Researchers Discover The Ultimate Adult Stem Cell

"There is a cell in the bone marrow that can serve as the stem cell for most, if not all, of the organs in the body," says Neil Theise, M.D., Associate Professor of Pathology at NYU School of Medicine, who co-led the study. "This is an exciting study. Theoretically, any organ could be 2repaired using cells generated from this stem cell and bone-marrow-derived cells could be used to target gene therapy to a specific organ."

The new study is published in the May 4 issue of the journal Cell.

In the last three years, a growing number of studies have overturned long-held beliefs about stem cells in the bone marrow. It had been believed that in the adult, these bone marrow cells were committed only to making blood cells. But over the last three years, a growing number of studies have shown that these cells have surprising plasticity, and can transform themselves into mature cells of other organs such as skeletal muscle, bone, and brain. Dr. Theise and Dr. Diane Krause, Assistant Professor of Laboratory Medicine and Pathology at Yale University School of Medicine, were among the first to show that stem cells can become liver cells, as well, and the first to demonstrate this transformation in humans. Yet, until now, the stem cell from which these mature cells arose hadn't been identified.

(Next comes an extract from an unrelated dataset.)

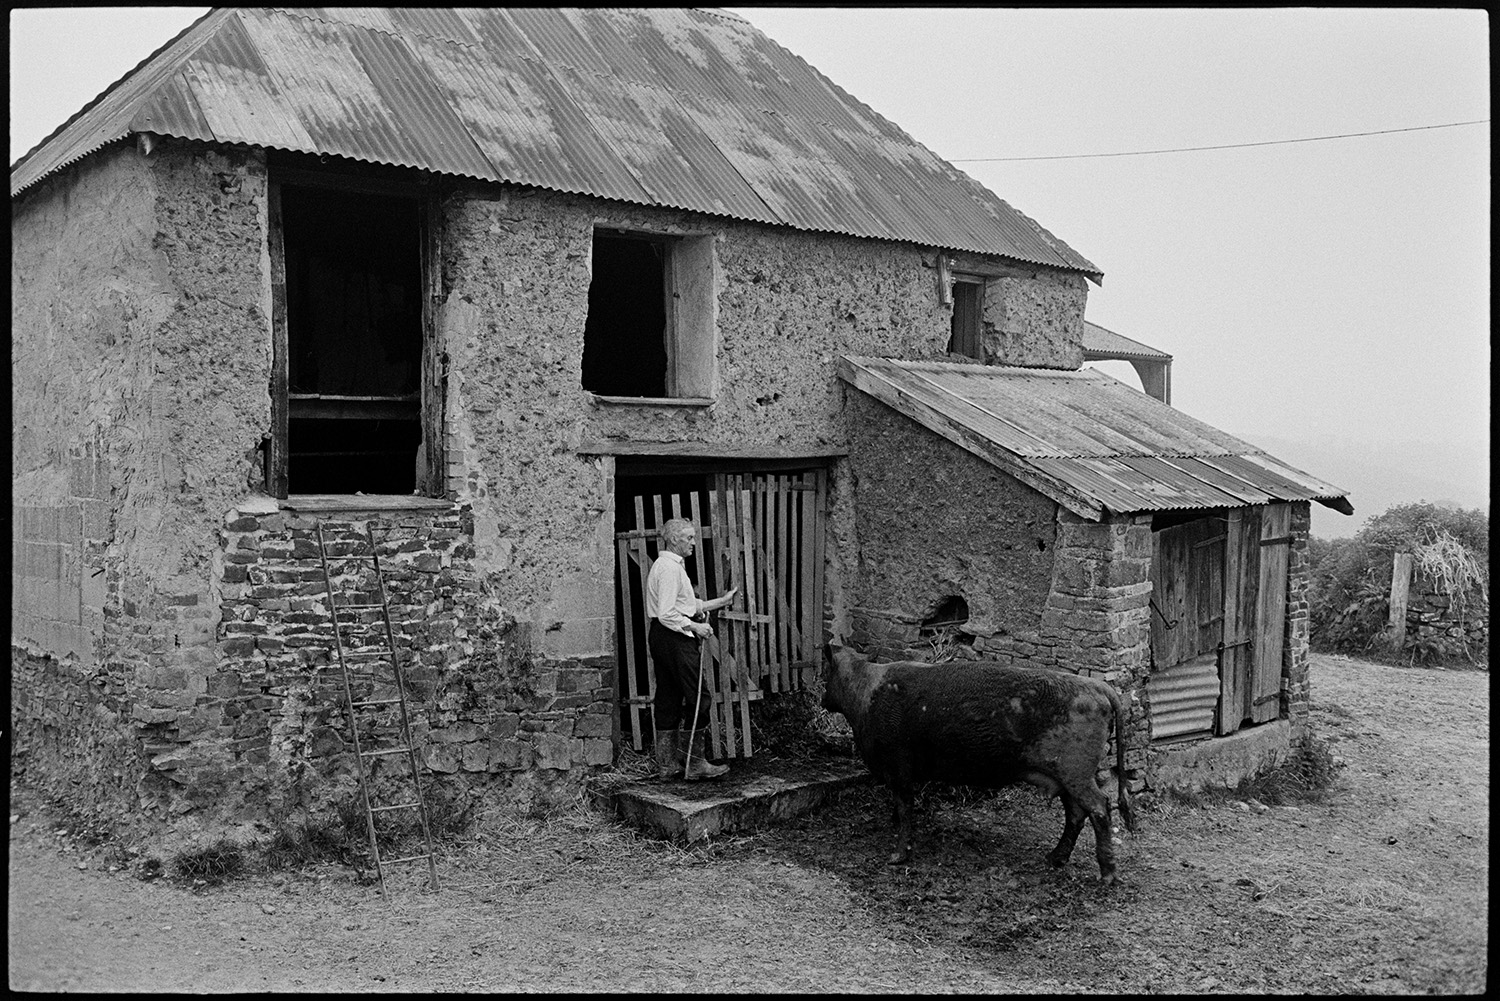 Farmer taking cows to farm, stone barns, horned cattle. 
[A man opening a wooden gate to a stone, cob and corrugated iron barn, to let a cow in, at Gosses, Hollocombe. A ladder leads up to the barn tallet.]

In the new study, Dr. Saul Sharkis and colleagues at Johns Hopkins first purified stem cells in the bone marrow of male mice. Then they took just one of these cells and transplanted it into female mice that had their bone marrow destroyed by radiation. Eleven months later, the researchers found that the male cells had settled in the blood and bone marrow of the surviving female animals, using color dyes that light up the Y chromosome and other structures. The Y chromosome is only found in cells from males. When Drs. Theise and Krause looked, they found the male chromosome not only in the bone marrow and blood, as expected, but also in the tissue from the lung, esophagus, stomach, small and large intestines, liver, and skin.

"It had been thought that only embryonic stem cells had such wide-ranging potential," says Dr. Theise of NYU School of Medicine. "However, this study provides the strongest evidence yet that the adult body harbors stem cells that are as flexible as embryonic stem cells," he says.

"It's astounding that there are cells in our bone marrow that can become so many different cell types including blood, lung, GI tract and skin," says Dr. Krause of Yale University. "The challenges now are to elucidate how these changes occur and to harness these findings to develop therapies for many different human diseases."

Stem cells in the marrow may be recruited to a damaged organ where they will develop into the mature tissue of that organ in response to certain signals. However, Drs Theise and Krause speculate that any healthy adult cell with an intact genome can be reprogrammed to become a stem cell.

The study had two parts. In the first part, stem cells in the bone marrow were isolated and purified using a protocol developed by Dr. Sharkis. Bone marrow cells from male mice were spun in a centrifuge, partitioning cells according to their weight in a process called elutriation. Then the cells belonging to one of the partitions were exposed to a panel of antibodies that bind specifically to proteins in the cell membrane of mature red and white blood cells. Stem cells don't have these proteins in the membrane.

The cells that bound the antibodies were eliminated and the remaining cells were labeled with a fluorescent color dye that sits tightly between the fatty layers of the membrane of cells. These cells were then injected into female mice that had been irradiated, which destroys the cells in the bone marrow. After two days, the stem cells were recovered from the bone marrow of the female mice, and only those cells with the brightest color were used in the subsequent part of the study. The bright color indicated that the cells had not yet divided, assuring the researchers that these cells had the greatest transformative potential.

In the second part of the study, one of these bright-colored cells was plucked out of solution and transplanted into other female mice that had been irradiated. By killing the bone marrow, the stem cell would be forced to generate cells to repopulate the bone marrow of the recipient female mouse. Thirty female mice received the stem cell and five of the mice survived 11 months. Cells containing Y chromosomes were found in multiple organs in all five of these surviving mice.

This collaborative study was conducted by Neil Theise, Sonya Hwang, and Rebekah Gardner from NYU School of Medicine; Diane Krause and Octavian Henegariu from Yale; and Saul Sharkis, Sara Neutzel, and Michael Collector from Johns Hopkins. It was supported by grants from the National Institutes of Health, the American Liver Foundation, the Mary Lea Johnson Richards Research Institute, and the Robert Krieger Memorial Fund.